On entry to the function, we have this:
return address | |
previous fp | ← fp (frame chain) |
⋮ | |
stack param | ← sp |
The first order of business is to apply return address protection.
Next, we save nonvolatile registers. We build the next stack frame by pushing fp and lr onto the stack into adjacent locations. The frame pointer and link register are always stored next to each other because that’s what stack walking requires. The “push” onto the stack is done by using a pre-incrementing store,¹ so that the stack pointer is adjusted, and then the values written to the adjusted stack pointer.

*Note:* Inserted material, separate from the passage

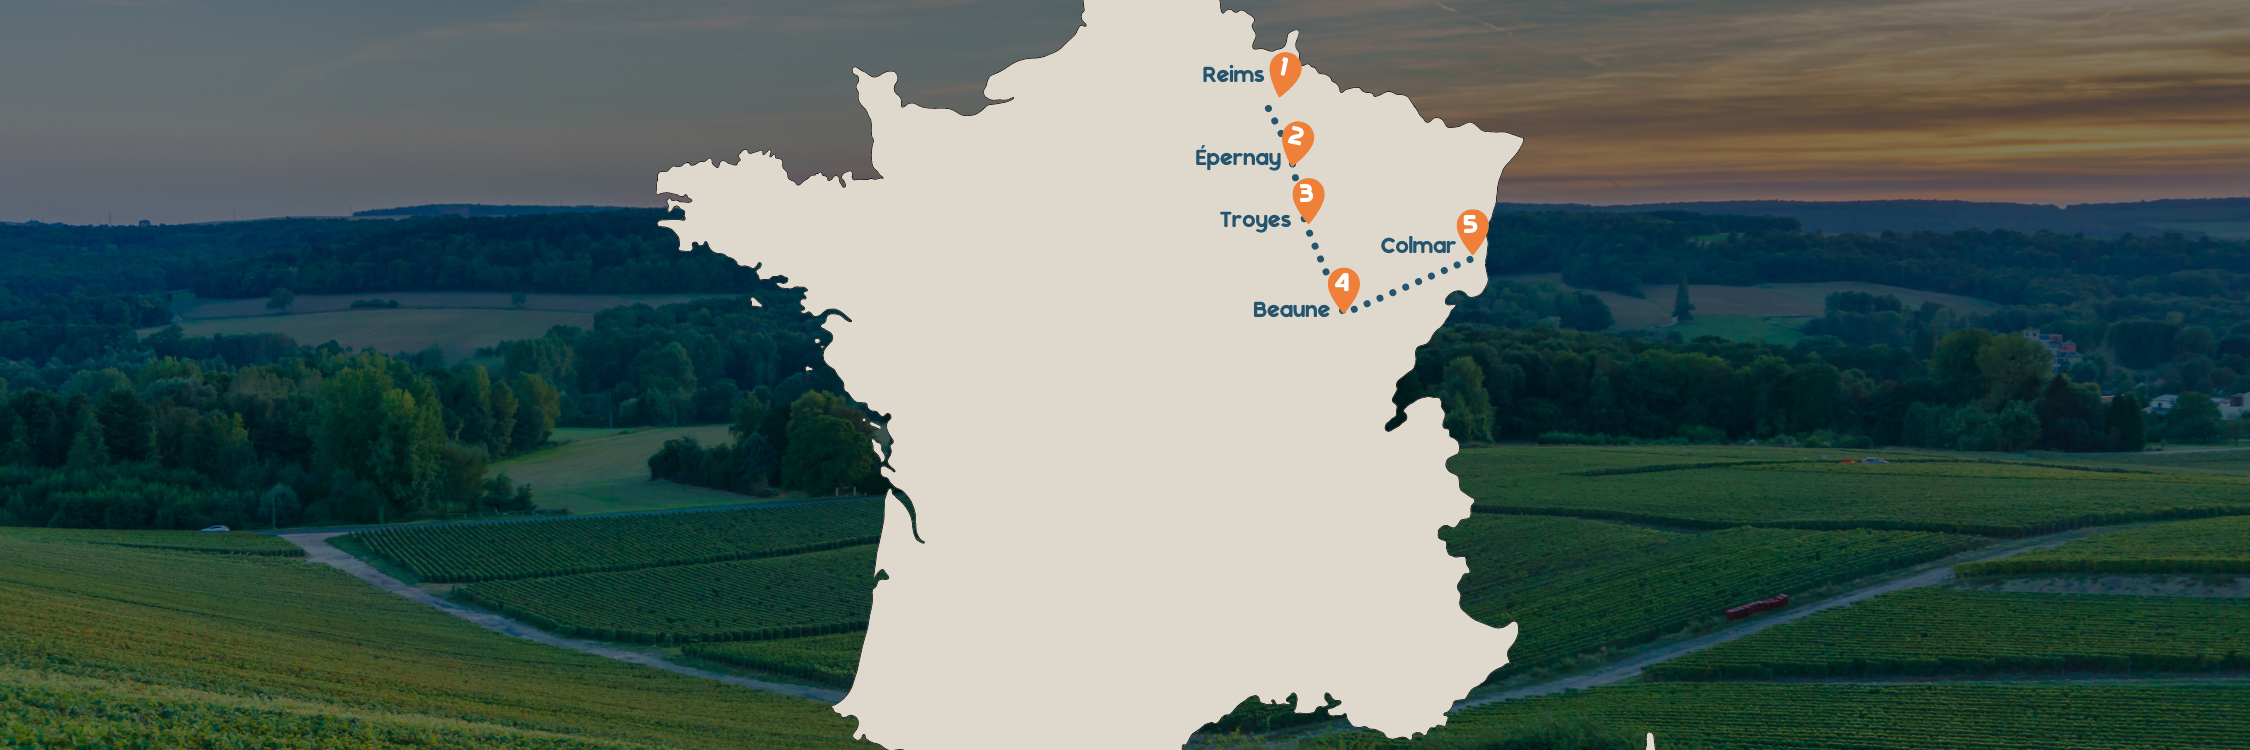 Frankrijk kaart champagnestreek langs Reims, Troyes, Beaune en Colmar

Let’s walk through that “push” again:
stp fp, lr, [sp, #-0x30]!
The effective address is sp − 0x30
, which is 0x30
bytes below the current stack pointer. At that location, we store the fp and lr registers, and then the effective address is written back to the base register sp.
return address | |
previous fp | ← fp (frame chain) |
⋮ | |
stack param | |
return address | |
previous fp | ← sp |
The next instruction stores the x19 and x20 registers into the register save area we just created.
stp x19, x20, [sp, #0x10]
return address | |
previous fp | ← fp (frame chain) |
⋮ | |
stack param | |
saved x20 | |
saved x19 | |
return address | |
previous fp | ← sp |
And the last instruction in the set saves the lone x21 register.
str x21, [sp, #0x20]
return address | |
previous fp | ← fp (frame chain) |
⋮ | |
stack param | |
saved x21 | |
saved x20 | |
saved x19 | |
return address | |
previous fp | ← sp |
The stack must remain 16-byte aligned, which means that space must be reserved in multiples of 2 registers. We have an odd number of registers to save, so one of the spaces we reserved for the register save area goes to waste. (In theory, the compiler could decide to use it to record a local variable, but in practice it doesn’t.)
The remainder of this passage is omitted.